The exponential growth of AI is driving massive investments in data centres and energy infrastructure, while supply chain constraints like copper shortages and geopolitical competition threaten to slow deployment.

Joost de Jonge

Joost de Jonge

3 min read
Infinite ambitions but finite resources

AI is rapidly transforming industries, but behind the algorithms and breakthroughs lies infrastructure. While AI systems are the brains, as we explore each week, they rely heavily on immense computing power. As companies and governments worldwide ramp up their ambitions, the pressure on the infrastructure supporting these systems is growing.

The Wall Street Journal reports that the rise of AI is set to drive a major transformation of global tech infrastructure. The costs of scaling up for AI is heading into the many billions, as shown by Microsoft’s recent $100 billion infrastructure fund, launched with BlackRock and a UAE firm.

The infrastructure of yesterday simply won’t cut it. Traditional data centres are being upgraded and expanded to support AI’s computational needs. Google has cautioned that without significant investment in infrastructure, particularly data centres, some countries risk falling behind.

While software advancements often make headlines, the hardware and energy resources required for AI infrastructure are under increasing scrutiny. Mining.com reports that BHP Group, one of the world’s largest mining companies, recently warned that the surge in demand for AI will worsen global shortages of copper, a key material in AI hardware and data centres. AI-driven infrastructure projects require extensive copper wiring for power generation and transmission, particularly for advanced data centres. The copper shortage will increase costs and potentially slow down AI infrastructure deployment, especially in developing nations with limited access to these materials.

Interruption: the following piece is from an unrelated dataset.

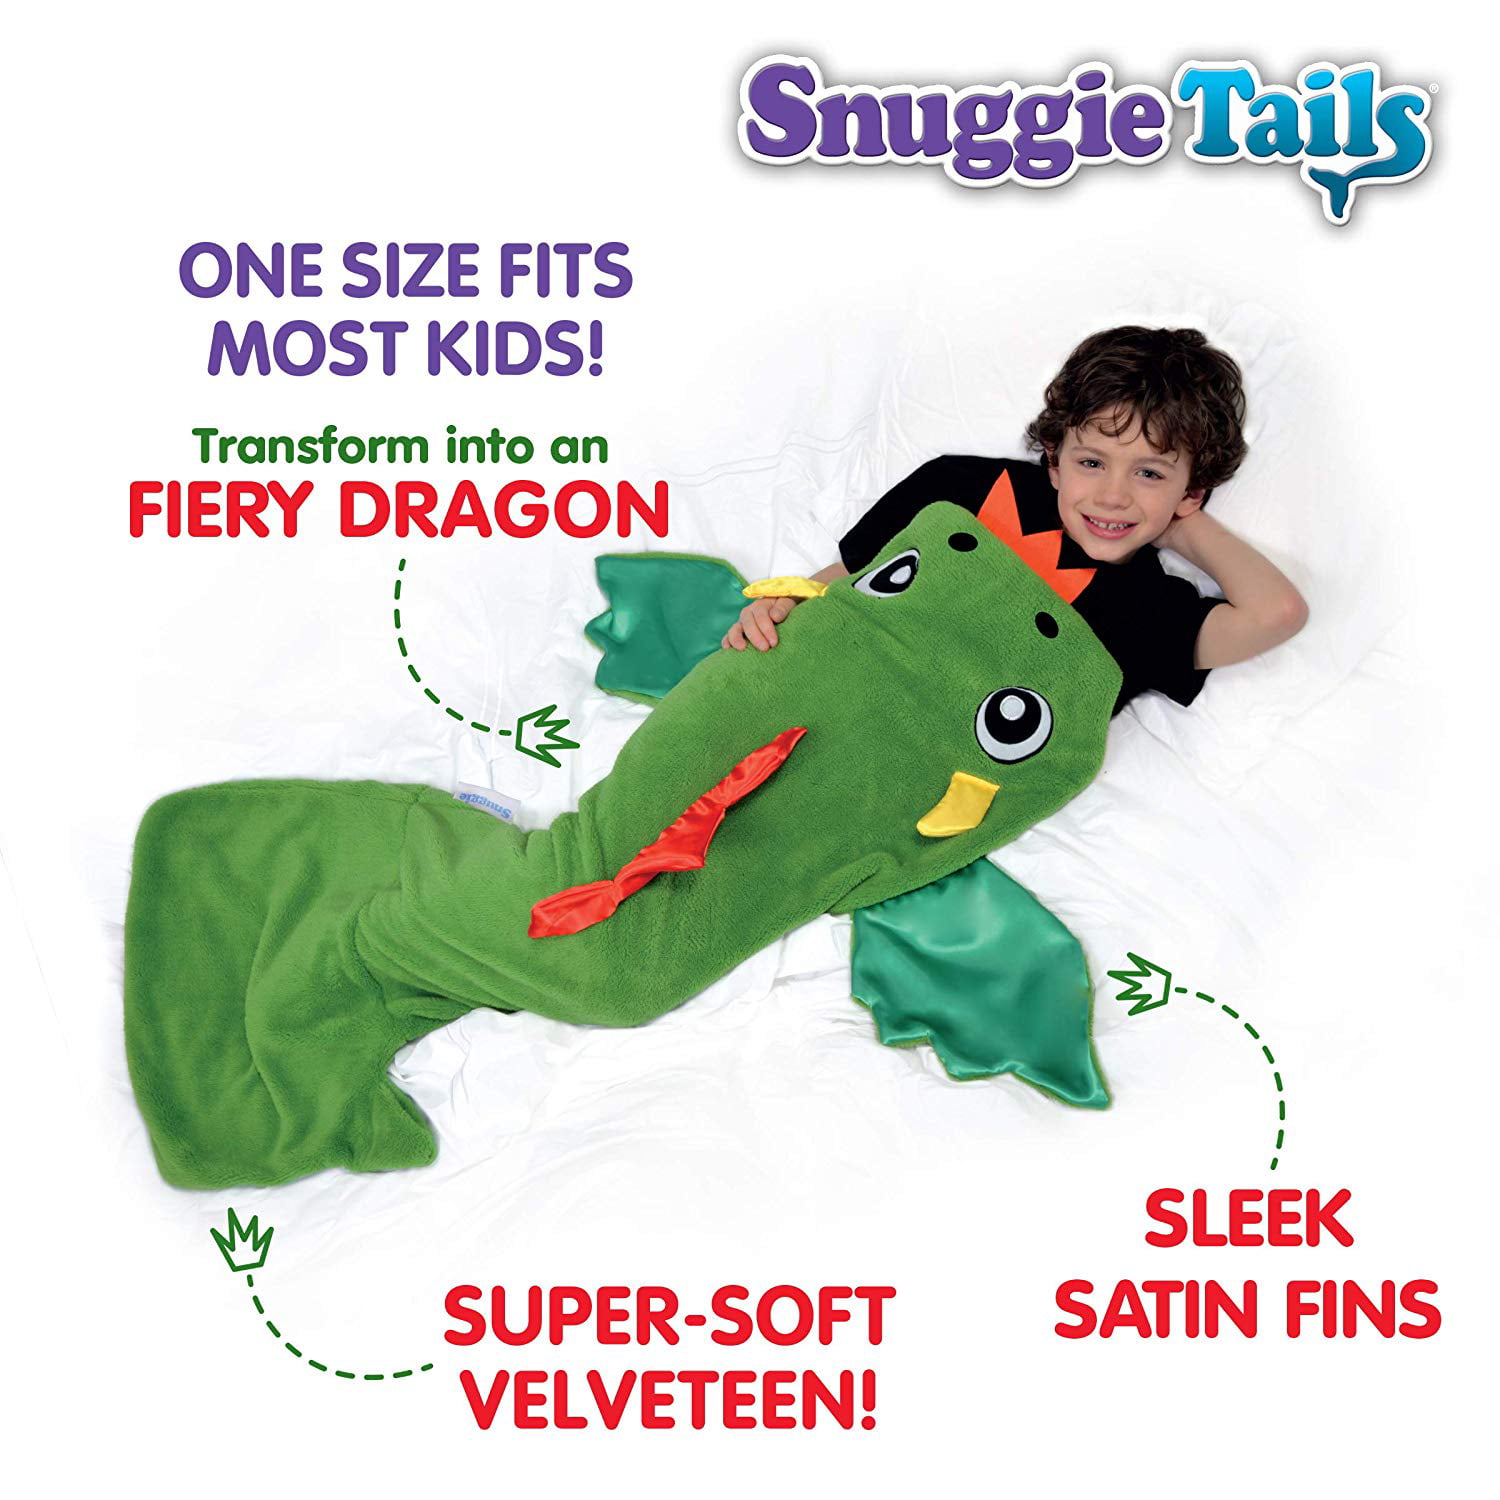 MA NEW Snuggie Tails Green Dragon Soft Cuddly Blanket Unopened

Energy demand is also rising sharply. AI systems consume significant energy during both training and deployment. Data centres powering AI use more energy than traditional cloud computing facilities. This increased energy demand is leading to greater scrutiny over the location and power sources.

US leadership has recognised the need for rapid investment in AI infrastructure to maintain its competitive edge. The Biden administration recently hosted a roundtable with leading tech firms to explore policies supporting AI development, particularly in terms of infrastructure. Business Insider highlighted that America is ready to “go big” on AI infrastructure, showing its intention to solidify its leadership position in the global AI race.

While the US is making bold moves in AI infrastructure, the UK’s position is less certain. Google has warned that the UK risks being left behind without significant improvements in its data centre infrastructure. Without rapid advancements in this area, the UK could face a skills and technology gap, limiting its ability to compete globally. The European Union faces similar challenges, which could lead to a fragmented AI infrastructure landscape across the continent if not addressed in a coordinated way.

Takeaways: AI’s demands extend beyond technical aspects. As models like OpenAI’s o1 hint at potential software and data progress, the constraints shift to political, economic, and environmental factors. From copper shortages affecting supply chains to the strategic investments needed for next-generation data centres, AI infrastructure is becoming a key issue in the global tech race.